Given a swarm of limited-capability robots, we seek to automatically discover the set of possible emergent behaviors. Prior approaches to behavior discovery rely on human feedback or hand-crafted behavior metrics to represent and evolve behaviors and only discover behaviors in simulation, without testing or considering the deployment of these new behaviors on real robot swarms. In this work, we present Real2Sim2Real Behavior Discovery via Self-Supervised Representation Learning, which combines representation learning and novelty search to discover possible emergent behaviors automatically in simulation and enable direct controller transfer to real robots. First, we evaluate our method in simulation and show that our proposed self-supervised representation learning approach outperforms previous hand-crafted metrics by more accurately representing the space of possible emergent behaviors. Then, we address the reality gap by incorporating recent work in sim2real transfer for swarms into our lightweight simulator design, enabling direct robot deployment of all behaviors discovered in simulation on an open-source and low-cost robot platform.

Paper Structure

This paper contains 26 sections, 4 equations, 5 figures, 2 tables.

Figures (5)

  • Figure 1: Real2Sim2Real Behavior Discovery via Self-Supervised Representation Learning discovers new collective behaviors for robot swarms while addressing the Sim2Real gap. 1) Real robot measurements are implemented into a physics model in software. 2) The model is used to generate thousands of randomly sampled behavior videos, which are used to train a representation encoder using self-supervised learning. 3) The trained encoder is used to discover novel emergent behaviors. 4) Interesting behaviors found in simulation can be deployed on real robots without the need for controller adjustment.

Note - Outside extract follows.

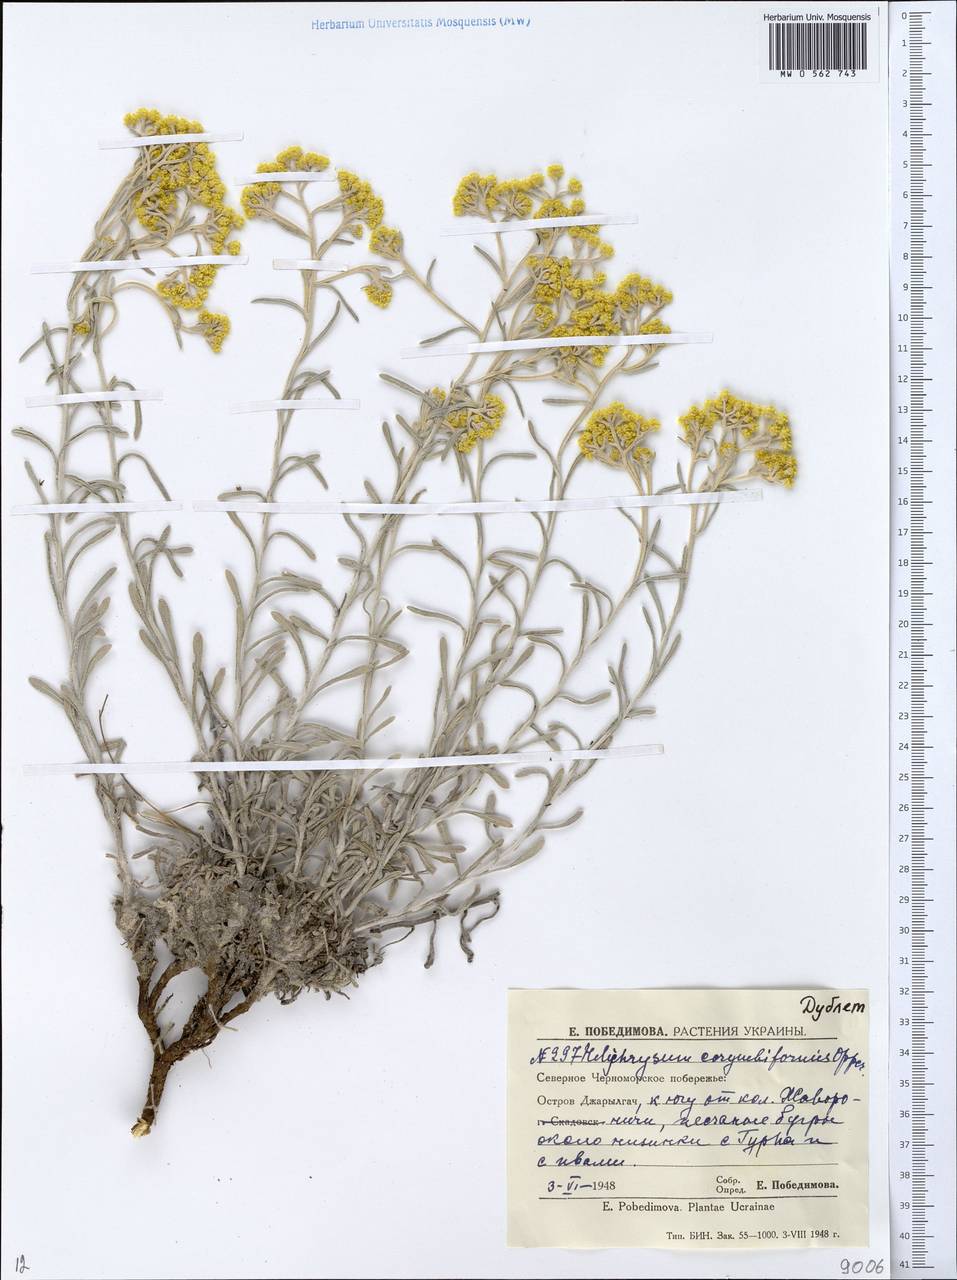 Helichrysum arenarium subsp. ponticum (Velen.) Clapham, Eastern Europe, South Ukrainian region (E12) (Ukraine)

  • Figure 2: HeRo+ Robots: We deploy newly discovered behaviors on a fleet of HeRo+ robots. (a) A single HeRo+ robot uses unicycle commands to locomote and time-of-flight sensing to detect other robots. Our open-source robot design is mostly 3D-printed and costs approximately $80-USD, making it an extremely low-cost option for swarms research. (b) Our swarm of 11 HeRo+ Robots, 8 of which are used in this study.

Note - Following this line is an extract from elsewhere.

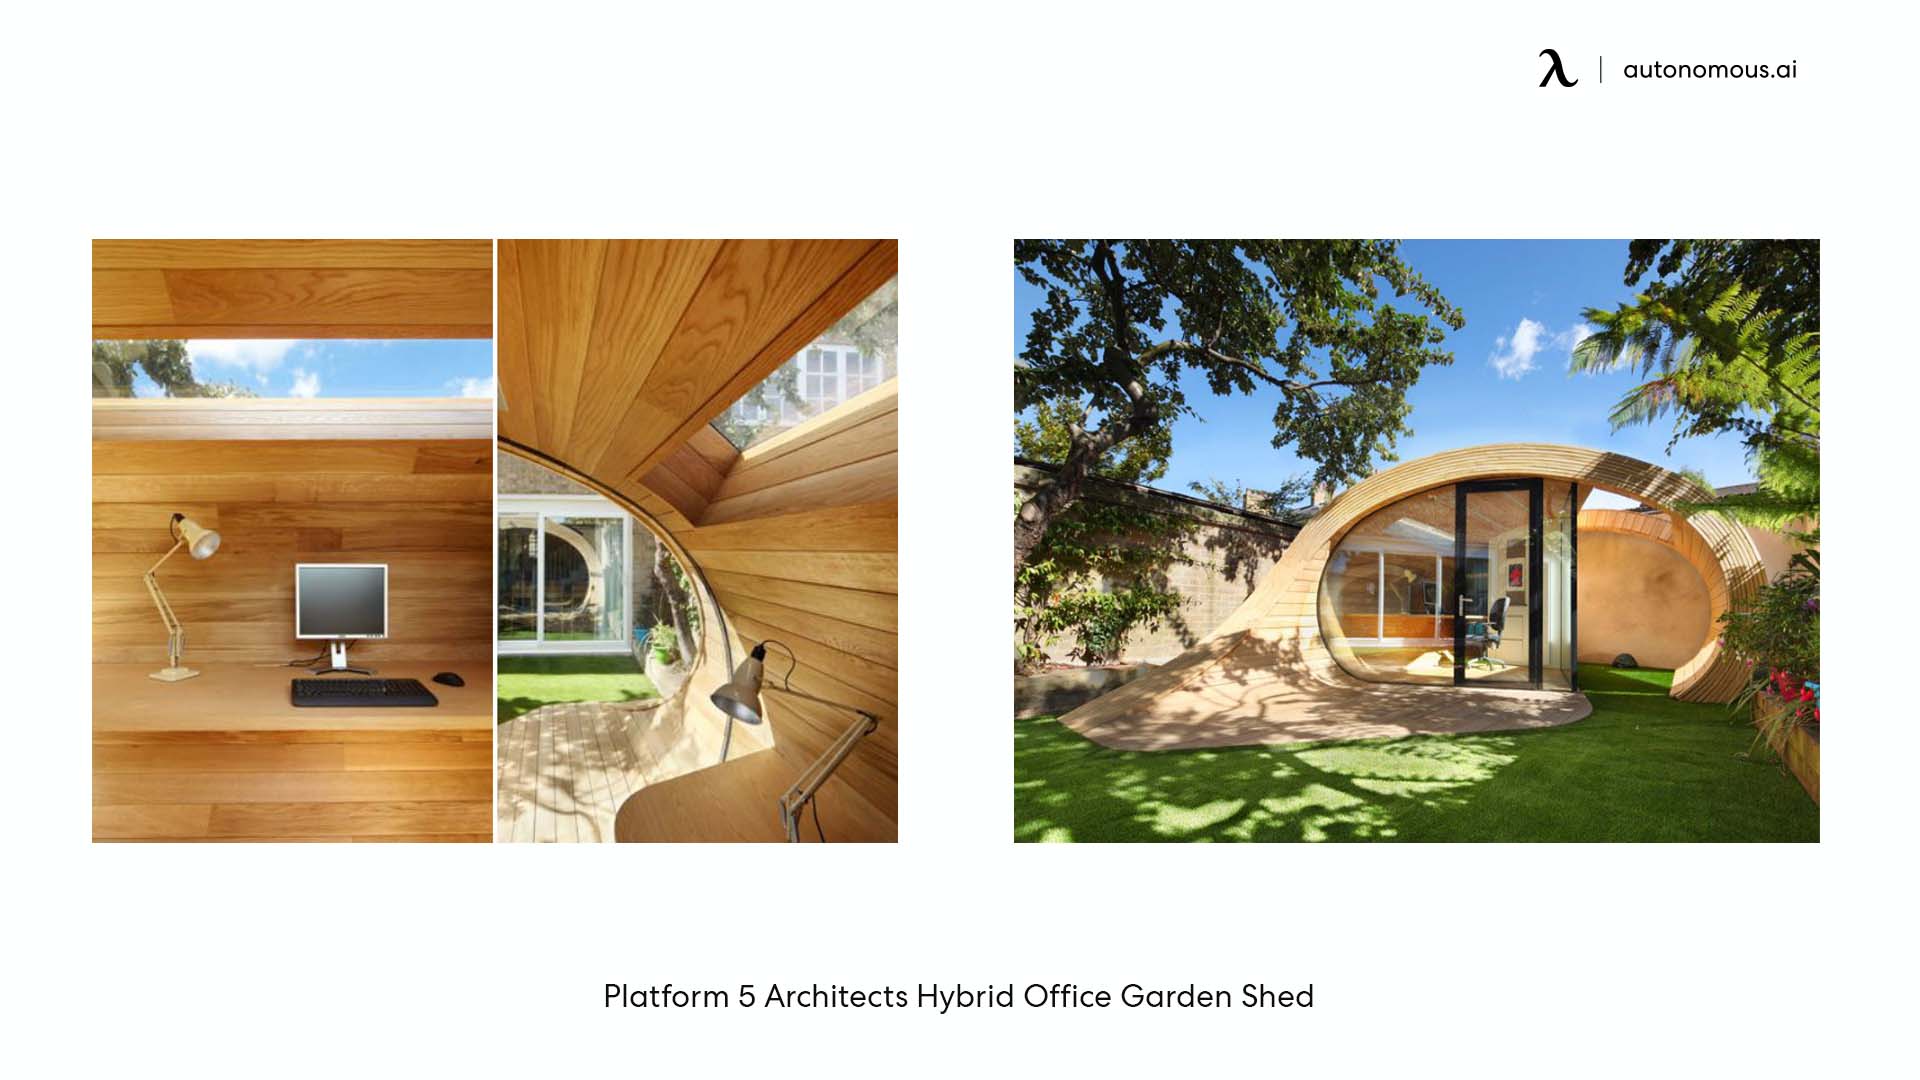 Platform 5 Architects Hybrid Office Garden Shed

  • Figure 3: Discovered Behaviors. Behaviors a-c were automatically discovered and deployed on HeRo+ Robots using Real2Sim2Real (RSRS) Representation Learning for Behavior Discovery. Behaviors d-e were discovered in simulation for a simulator without RSRS improvements, but could not be deployed to the real world and were not discovered when RSRS was added. (a)Dispersal: Agents cover the environment by moving away from other robots. (b)Cyclic Pursuit: Agents form a circular chain and revolve around the center. (c)Aggregation: Agents cluster together in the middle of the environment. (d) Milling: All agents revolve around the centroid of the swarm, but they do not form a perfect circle like cyclic pursuit. (e)Wall-Following: Agents slide along the walls and trace the outer edge of the environment.

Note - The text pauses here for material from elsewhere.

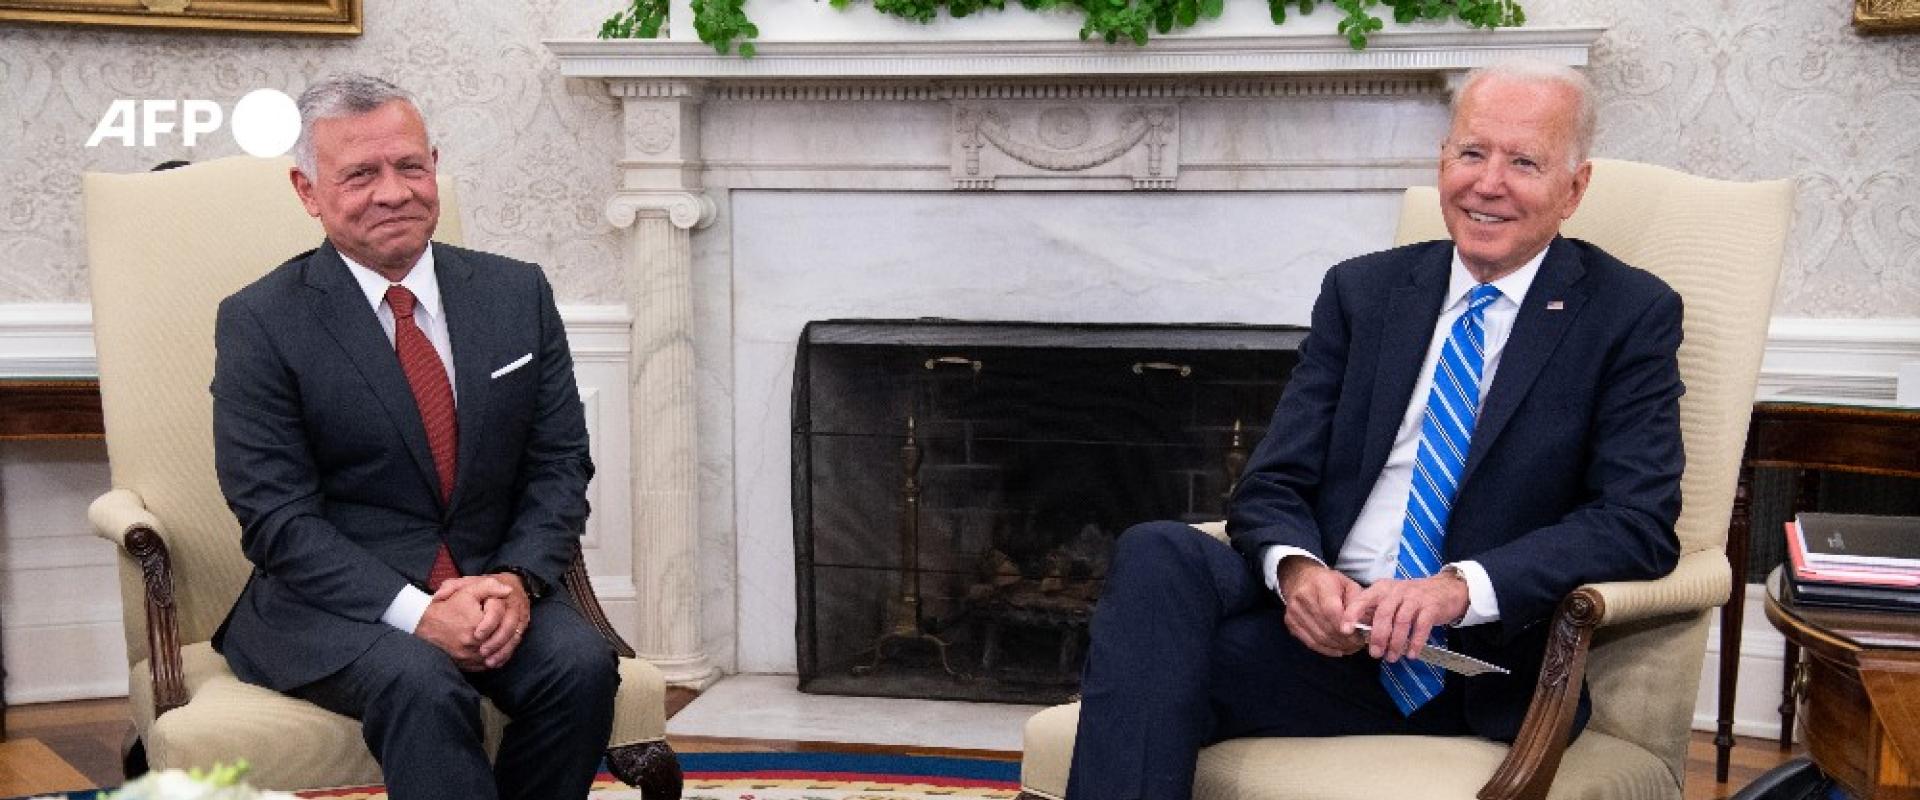 ملك الأردن مع الرئيس الأمريكي بايدن في البيت الأبيض AFP

  • Figure 4: Representation Confusion Matrices for (left) the baseline hand-crafted representations and (right) the self-supervised representations on a held-out set of 500 labeled test videos. Classes along the horizontal axis indicate the labeled class of an anchor behavior and the values along the vertical axis display the frequency with which a behavior from the anchor's class (on-diagonal) was embedded closer to the anchor when compared with a behavior from one of the other classes (off-diagonal). Larger diagonal values indicate stronger within-class correlation in the embedded representation space.
  • Figure 5: t-SNE Embeddings for the (a) baseline hand-crafted representations and the (b) self-supervised representations on a held-out set of 500 labeled test videos. Qualitatively, the hand-crafted baseline is able to densely associate cyclic pursuit behaviors, but fails to differentiate dispersal from random behaviors. In our approach, behavior features have more variance, but are more closely associated with behaviors from the same class, notably dispersal, which is embedded more distinctly from random behaviors than in the baseline case.